**MATERIAL SHOWN:**
* * *
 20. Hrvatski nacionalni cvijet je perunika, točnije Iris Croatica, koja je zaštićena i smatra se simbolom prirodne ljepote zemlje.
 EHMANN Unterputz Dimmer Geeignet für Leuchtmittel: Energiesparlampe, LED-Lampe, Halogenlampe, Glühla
* * *
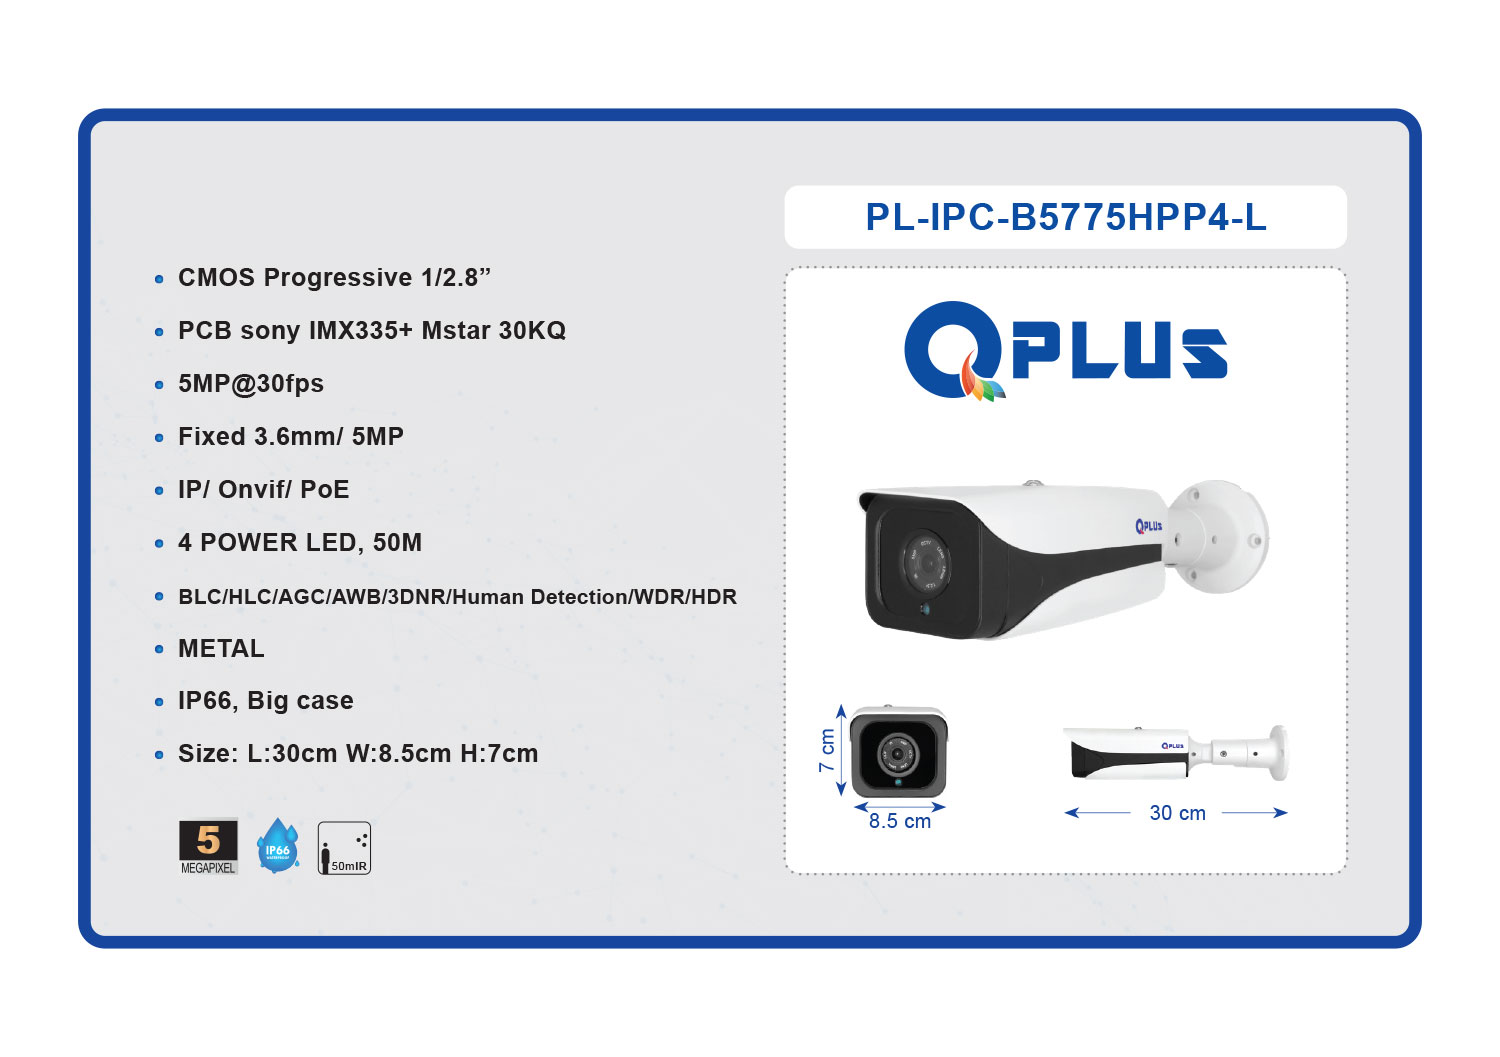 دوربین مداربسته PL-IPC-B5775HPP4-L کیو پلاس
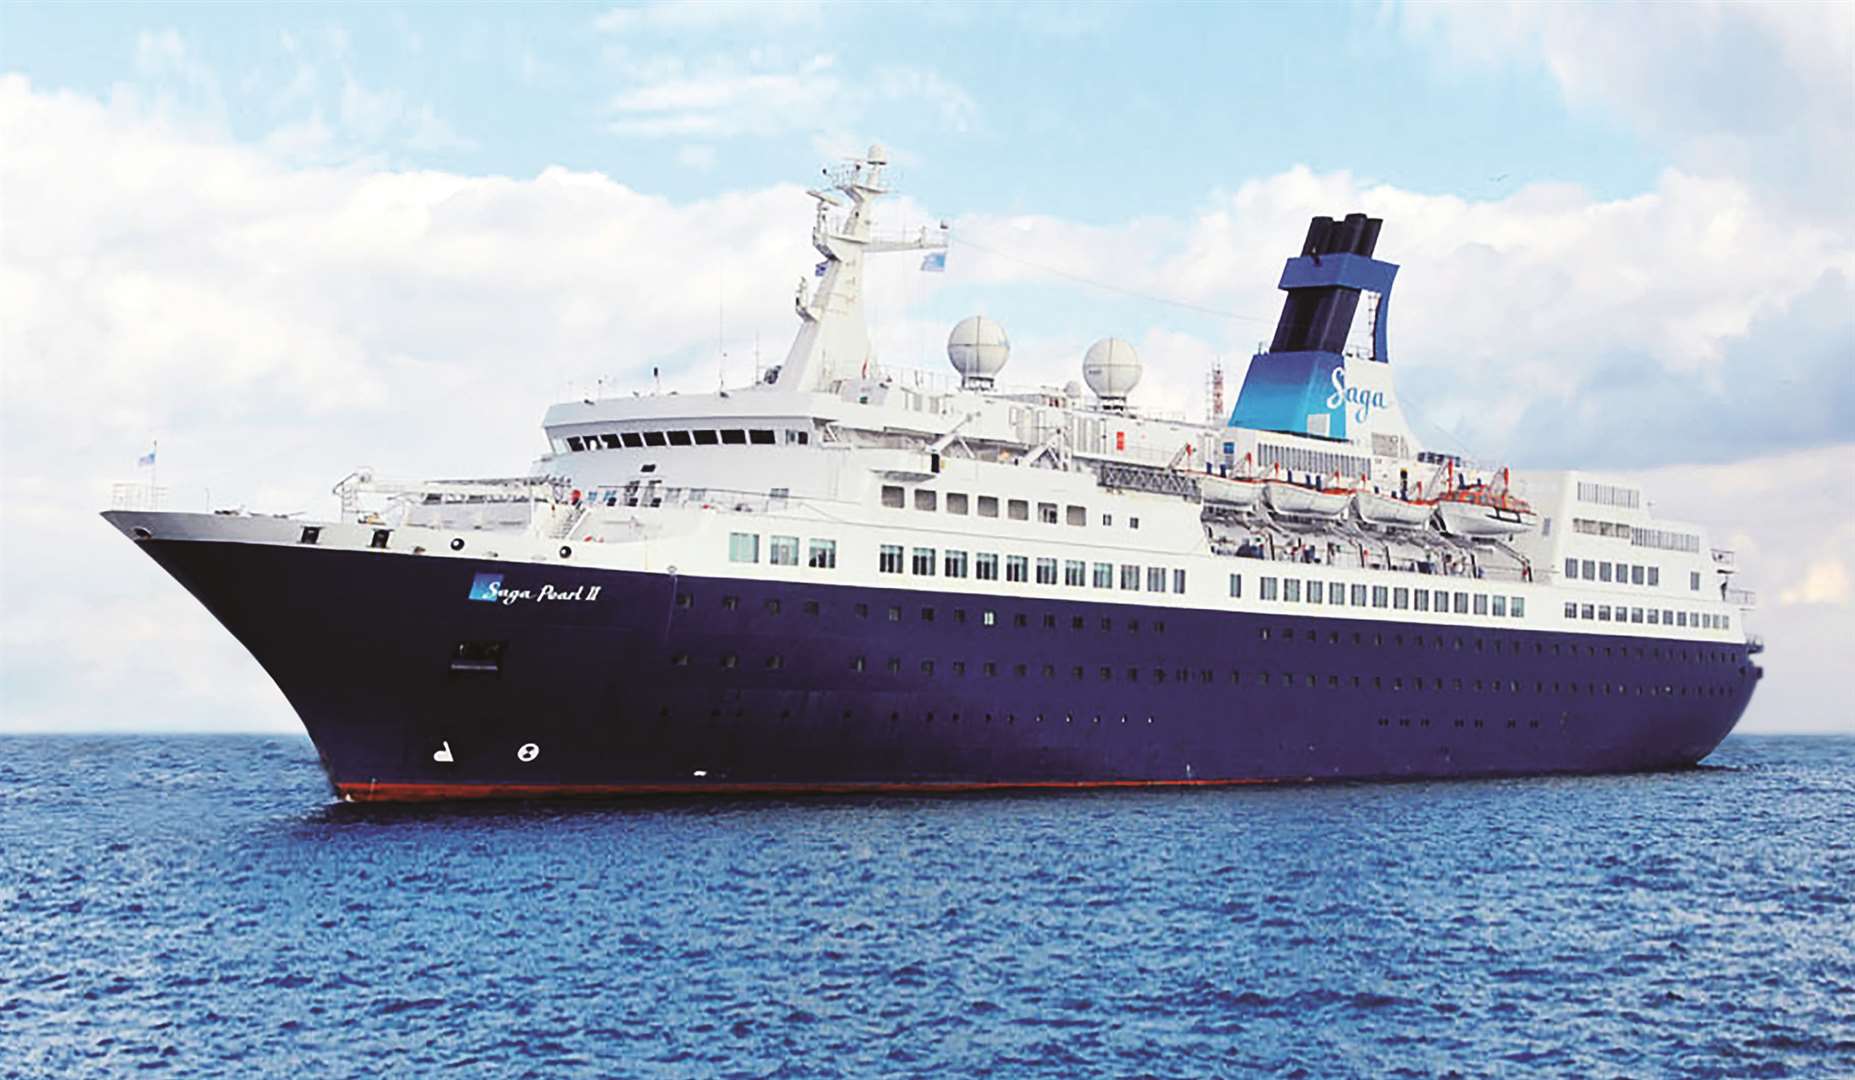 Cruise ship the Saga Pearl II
* * *
**PROBLEM REQUIREMENTS:**
Would you copy, unchanged, the stretch of the records above that begins at the line containing "20. Hrvatski nacionalni" and ends at the line containing "EHMANN Unterputz Dimmer", and only that?

**RESULT:**
 20. Hrvatski nacionalni cvijet je perunika, točnije Iris Croatica, koja je zaštićena i smatra se simbolom prirodne ljepote zemlje.
 EHMANN Unterputz Dimmer Geeignet für Leuchtmittel: Energiesparlampe, LED-Lampe, Halogenlampe, Glühla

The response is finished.